» **WHAT YOU NEED TO DO**:
Please copy the data below exactly; none of the pictures in it belong in the copy.

» **SUPPLIED MATERIAL**:
= Beginning of Section =

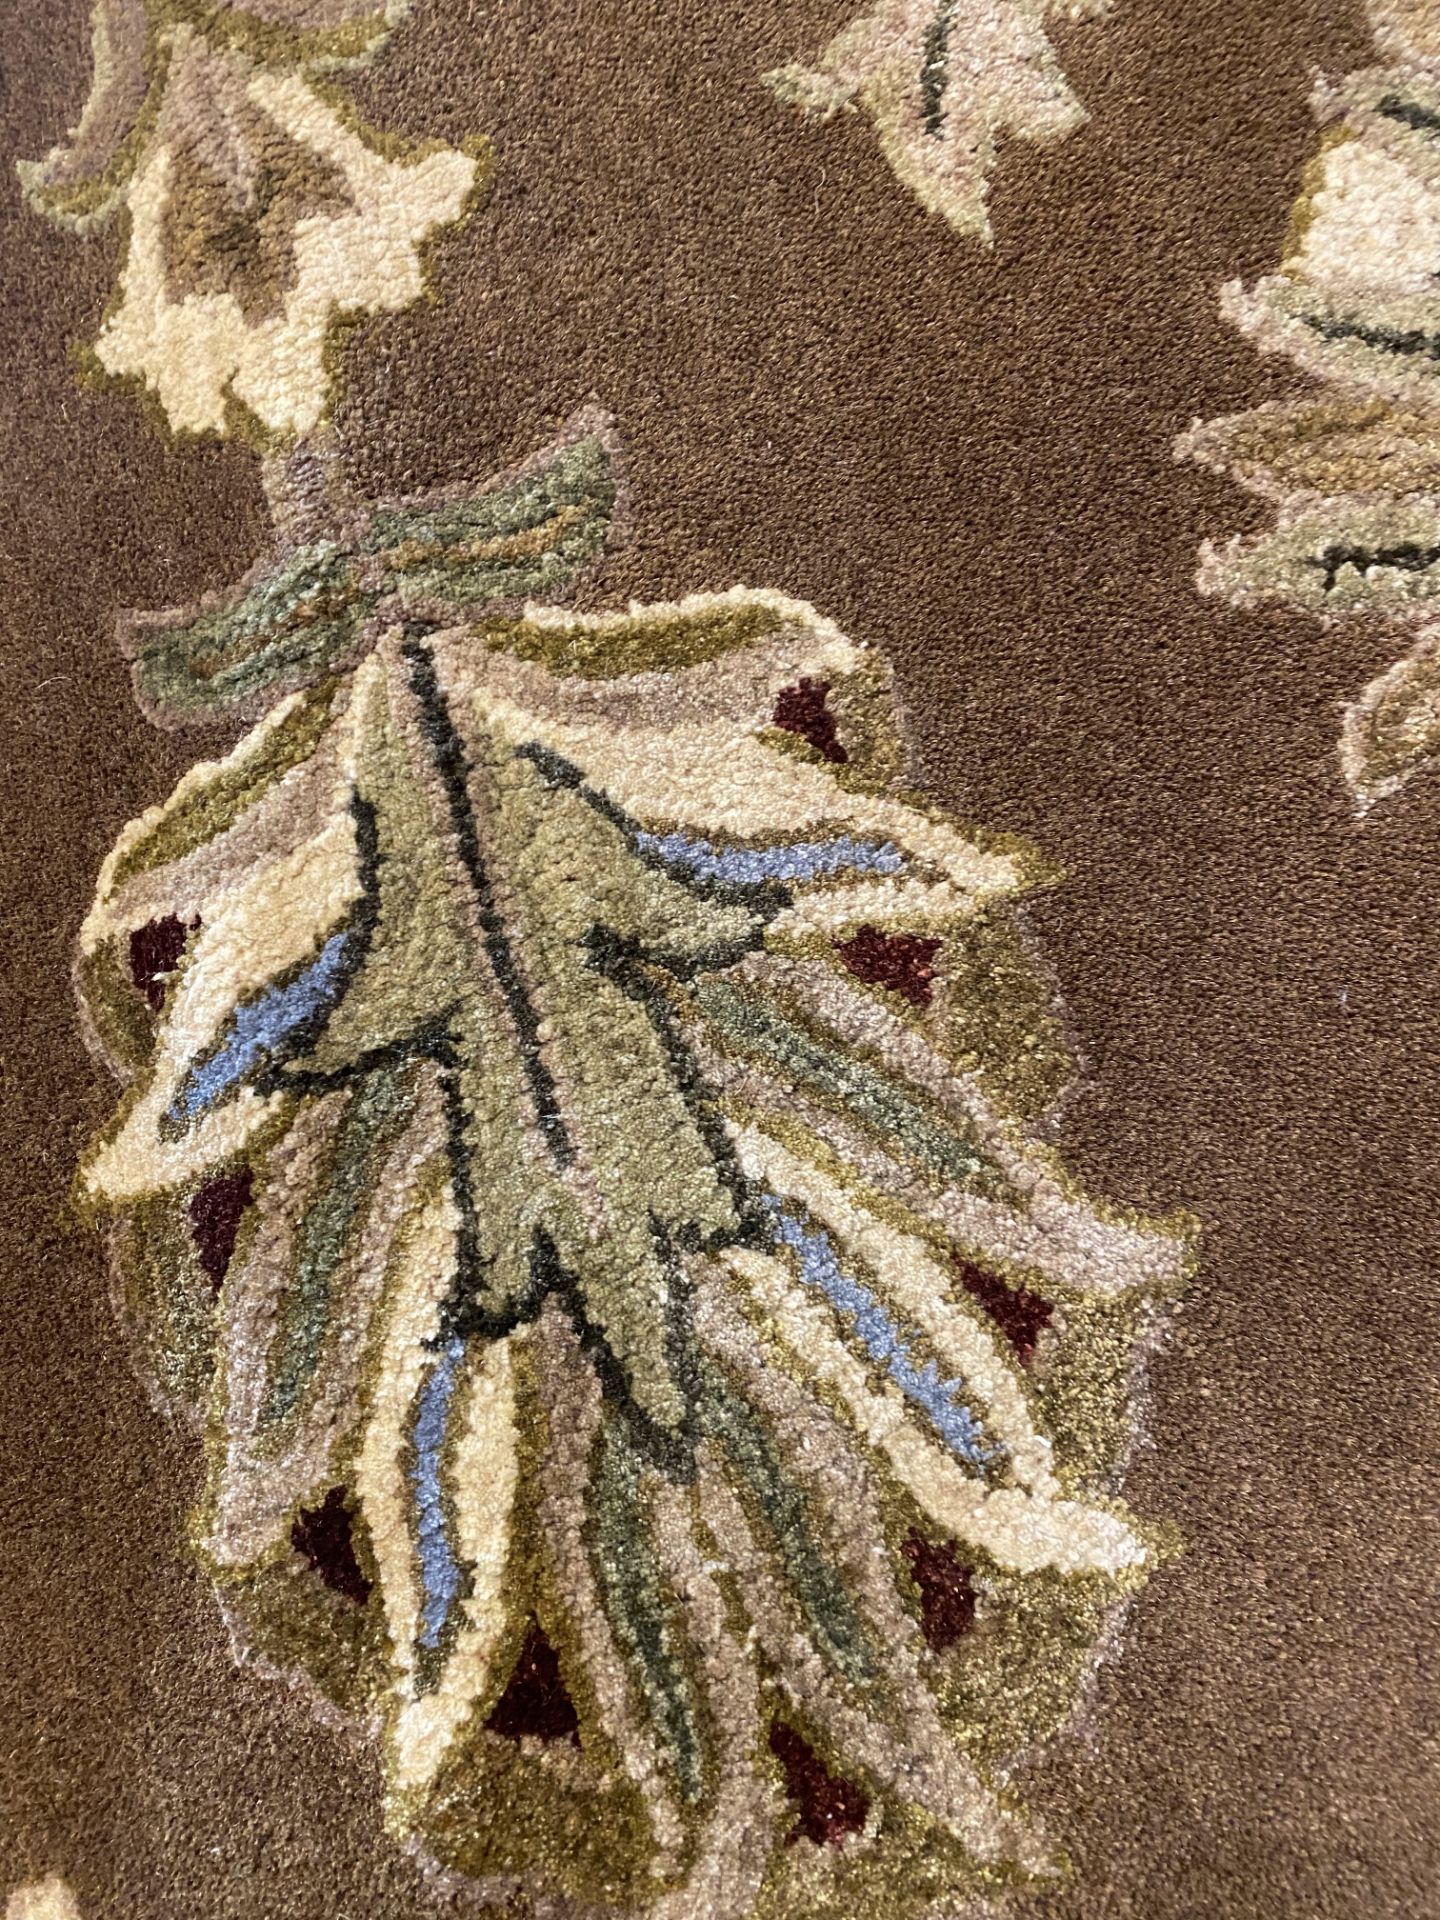 8' ROUND WOOL/A.SILK HAND MADE IN INDIA, MSRP $1,995, INVENTORY CODE PROVENCE IAD8308 BN/BG - Image 3 of 6
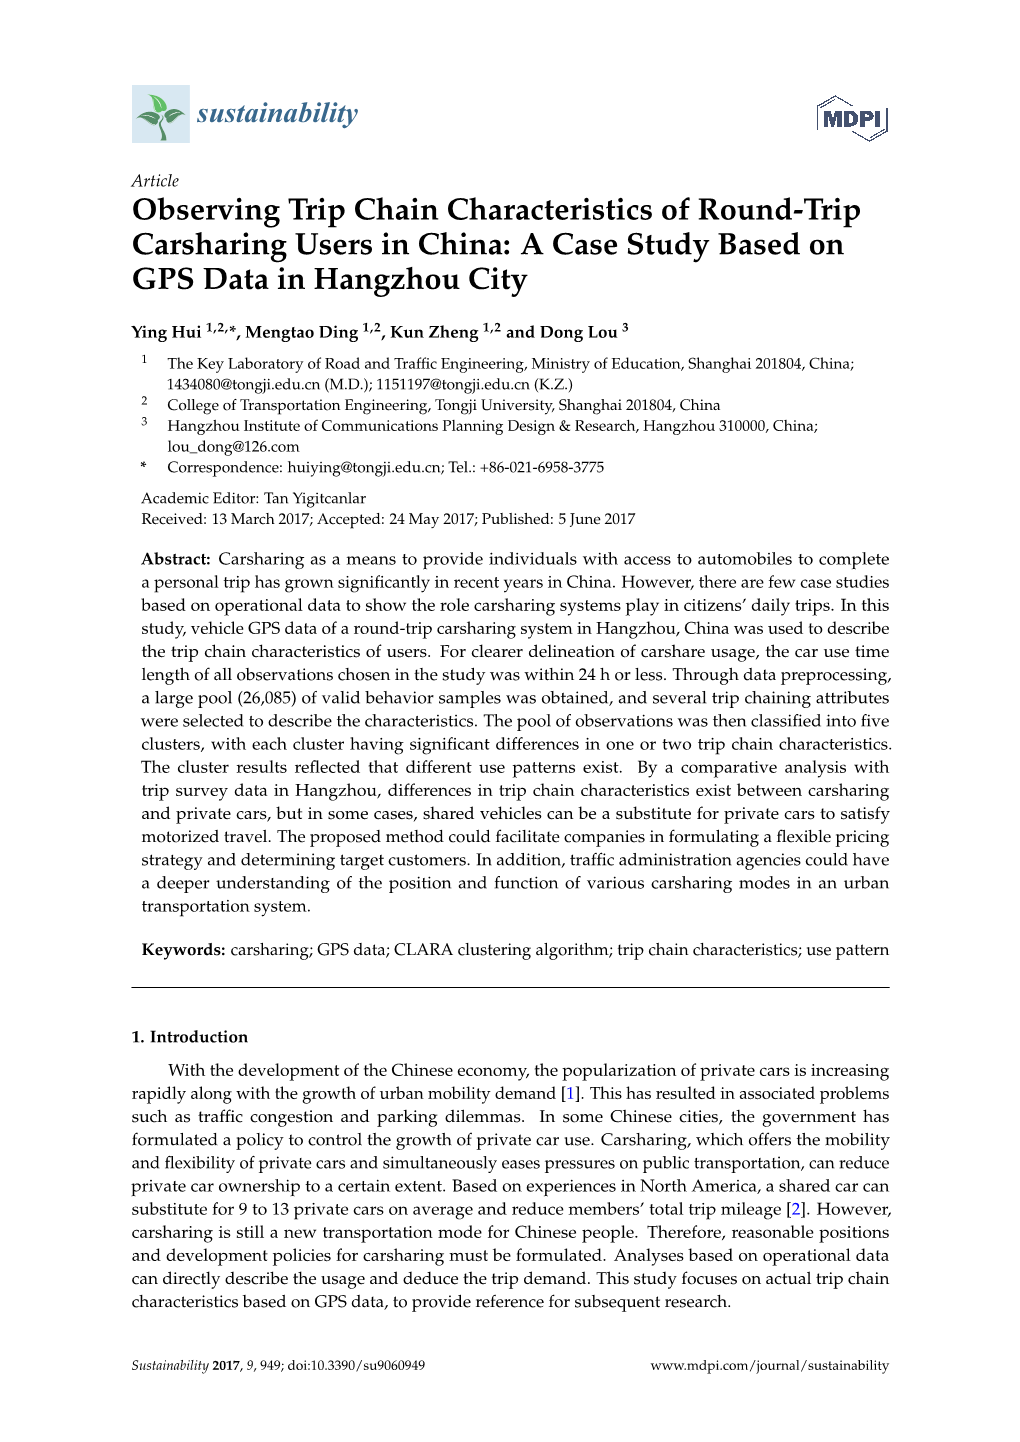 Observing Trip Chain Characteristics of Round-Trip Carsharing Users in China: a Case Study Based on GPS Data in Hangzhou City
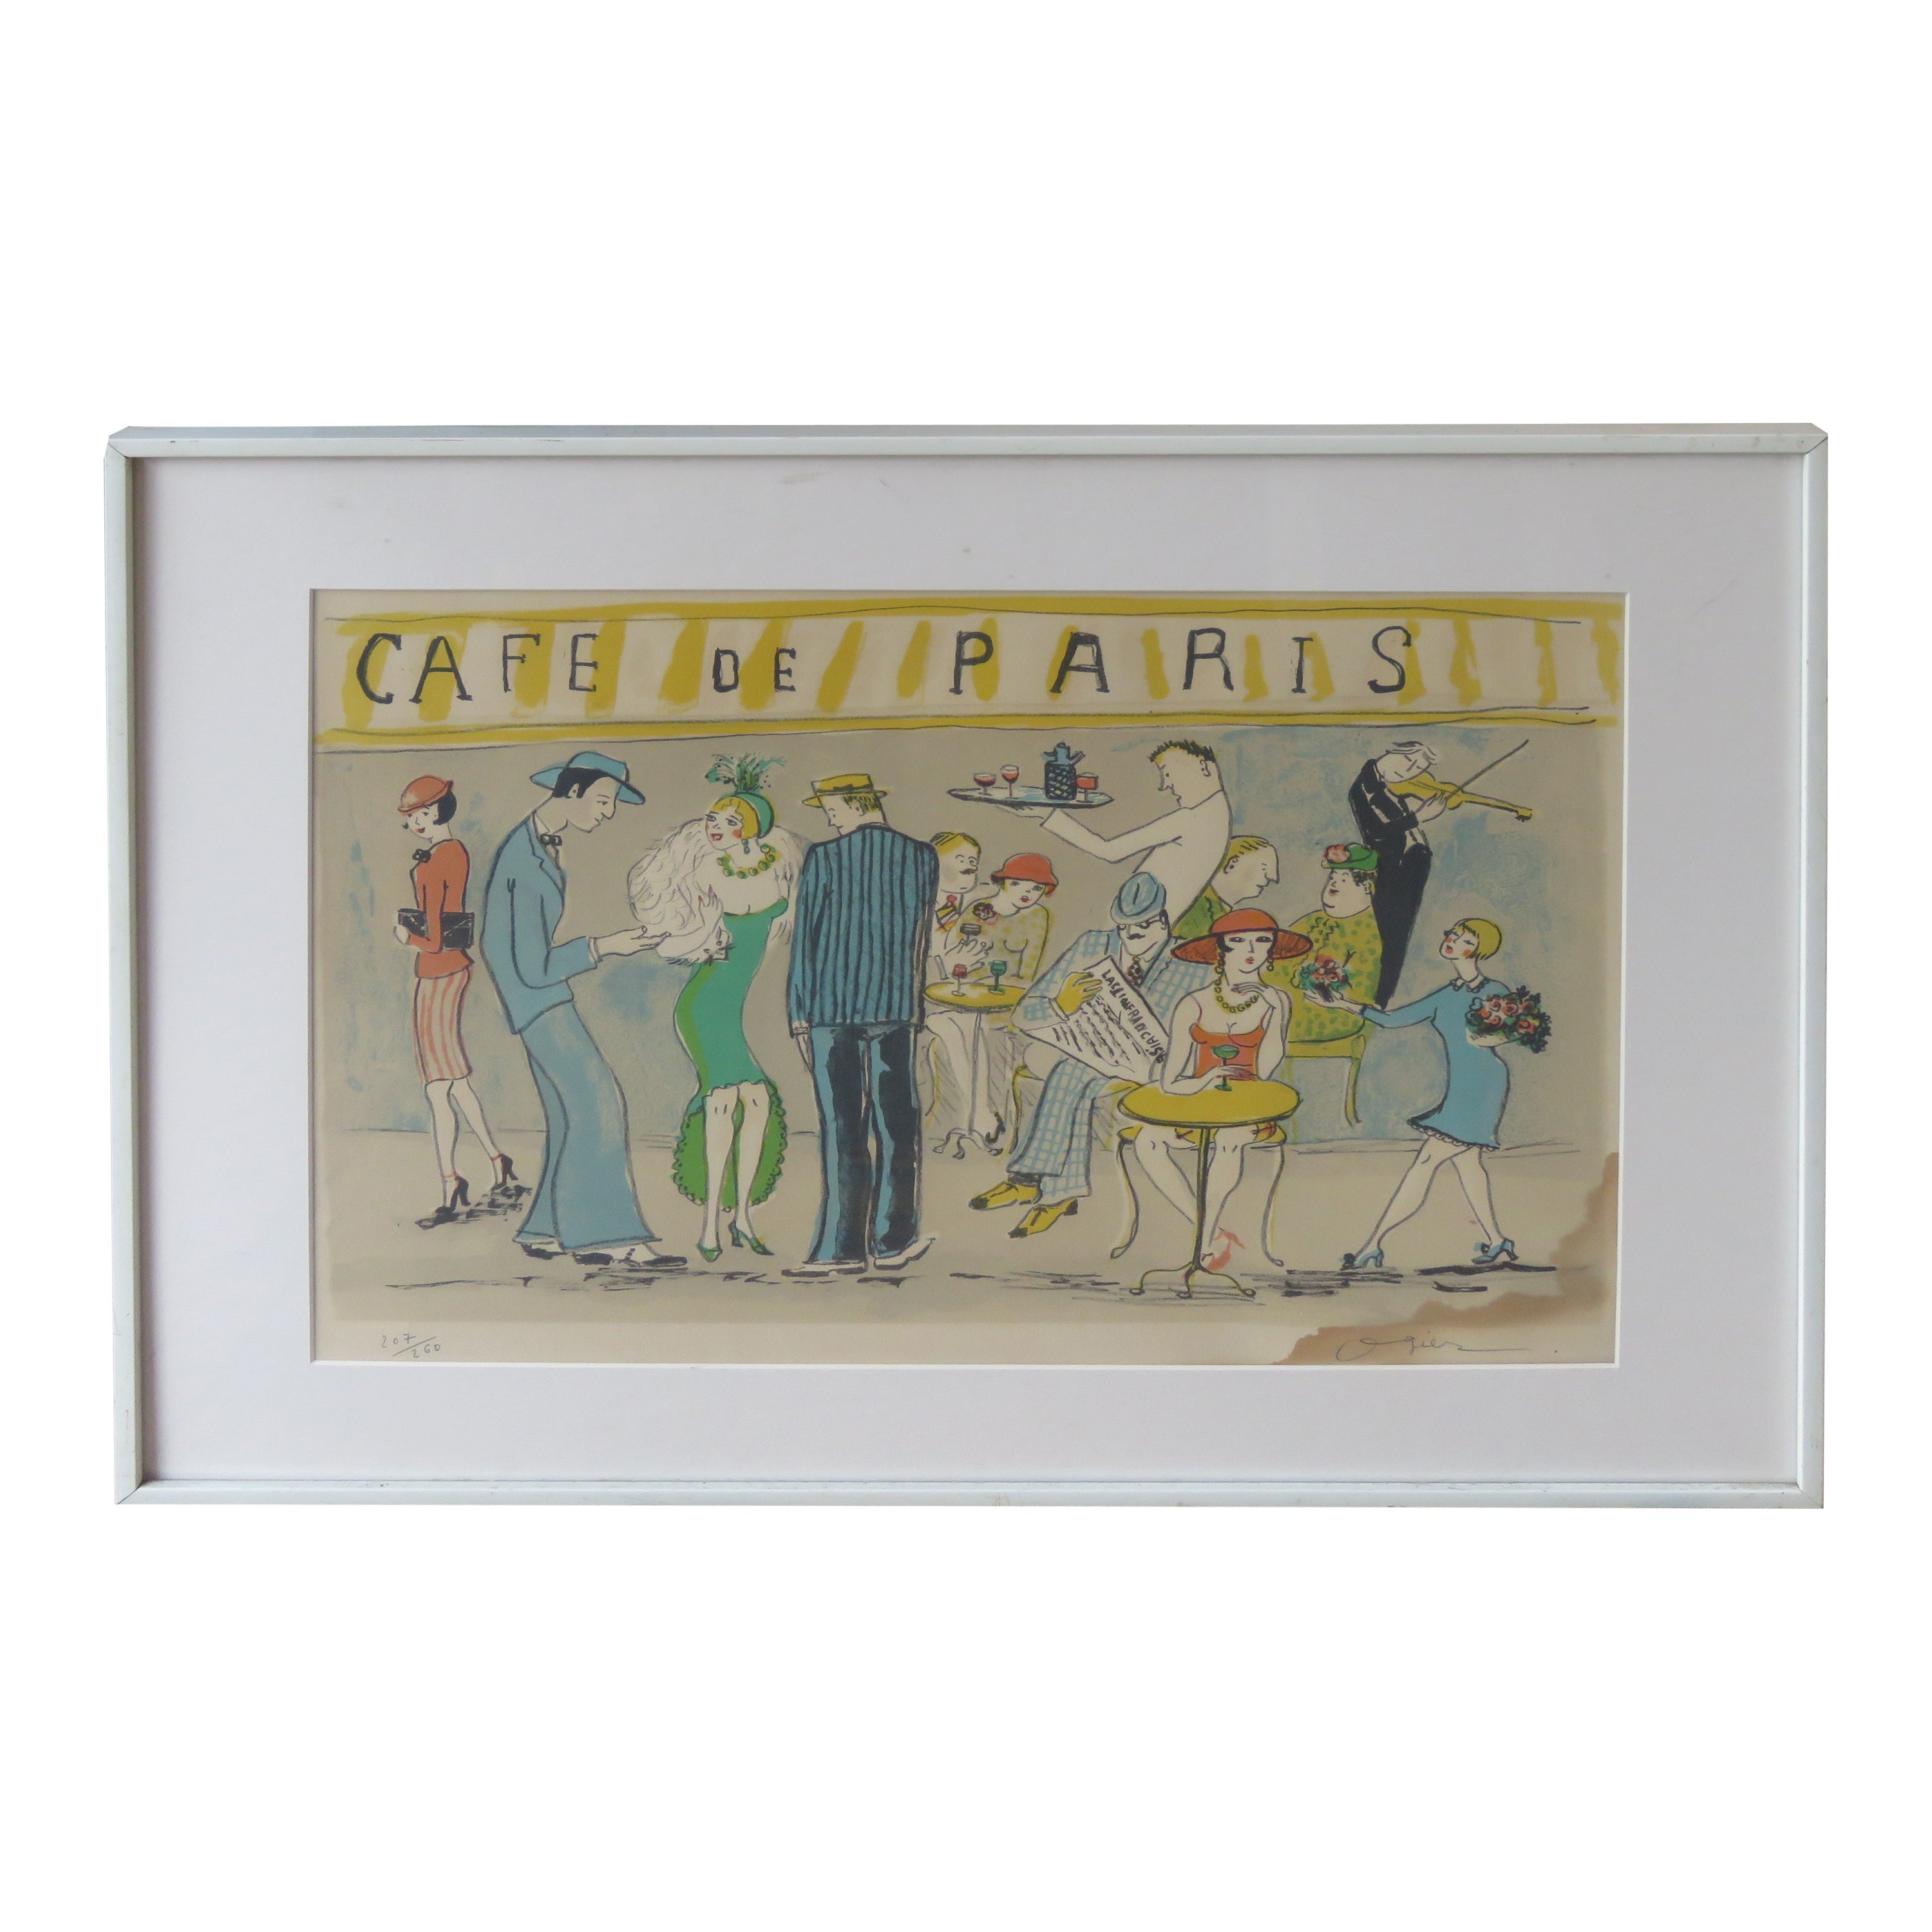 Rare Important Original 1930s-40s Paris Cafe Lithograph Etching Drawing For Sale

= End of Section =

» **WRITTEN ANSWER**:
 8' ROUND WOOL/A.SILK HAND MADE IN INDIA, MSRP $1,995, INVENTORY CODE PROVENCE IAD8308 BN/BG - Image 3 of 6
 Observing Trip Chain Characteristics of Round-Trip Carsharing Users in China: a Case Study Based on GPS Data in Hangzhou City
 Rare Important Original 1930s-40s Paris Cafe Lithograph Etching Drawing For Sale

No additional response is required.